The flexible or moveable artificial spinal joint described above, when attached to the vertebra, functions like a normal spinal joint, enabling the vertebra to tilt with respect to each other at an angle of up to about 20° for lumbar or thoracic vertebra or at greater angles for cervical (neck) vertebra, while preventing subluxation.
In a minimally invasive procedure, an insertion tool made, for example, of titanium, a titanium alloy or medical grade stainless steel, is removably attached to the center of one of the rods or the plate. The insertion tool may have a threaded extension projecting from its distal end. A short metal cylinder, with a central, threaded bore can be welded or otherwise attached to the center of the rod or plate or be formed as a part of the rod or plate, enabling the insertion tool to be threadingly engaged therewith. Alternatively, the threaded bore may be made in the center of the rod or plate. To avoid the weakening the center portion of the rod or plate due to the presence of the through bore therein, the area of the rod or plate about the bore opening can be widened or thickened to maintain its strength and durability.

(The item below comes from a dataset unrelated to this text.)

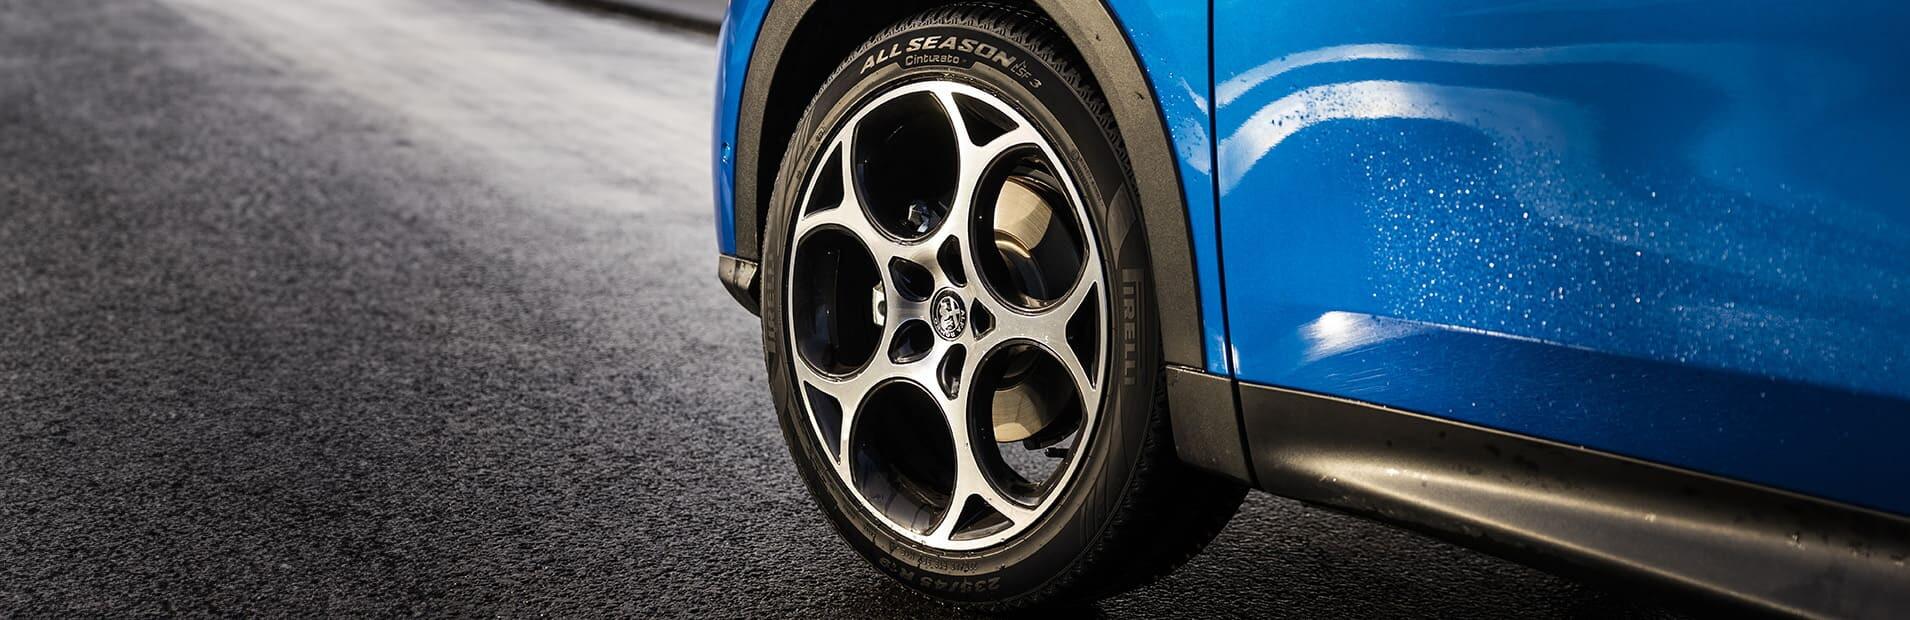 The best All Season tyre according to Auto Bild

After a small incision is made and a guidewire or trocar is inserted up to the vertebra, tissue expanders are used to make a passageway up to the vertebra, and the delivery cannula is inserted. The surgeon selects a rod or plate of a size appropriate for attachment to the vertebra, based on the distance between the desired points of attachment. The rod or plate is attached to the insertion tool, compressed, inserted into the delivery cannula and advanced to the distal end of the cannula. While holding the rod or plate in place with the insertion tool, when the delivery cannula is retracted, the rod or plate resumes its original, unconstrained shape, with its flattened feet extended and the slots positioned over the desired points of attachment to the pedicles, facets or vertebra. The insertion tool can be used to adjust the position of the rod or plate, and its position can be confirmed by x-ray imaging, if desired.
Screws, typically made of titanium or other durable, biocompatible material, are removably attached to a driver, e.g., a screwdriver, as known in the art, advanced through the passageway and the slots in the feet of the rod or plate and screwed through the pedicles or facets of the vertebra into the vertebral body, or directly into the vertebral body, itself, as known in the art. While the feet can contain one or more circular apertures, slots in the feet are preferred, as they provide additional positioning flexibility for the screws.
Optionally, the edges of the slots can be scalloped, i.e., in the form of a continuous series of circle segments, preferably about one-fourth to one-half circles, preventing movement of the foot from its position on the vertebra, in the event a screw becomes loose over time. All references to slots herein shall be understood to mean ordinary slots, slots with scalloped edges for fasteners such as screws, and the like.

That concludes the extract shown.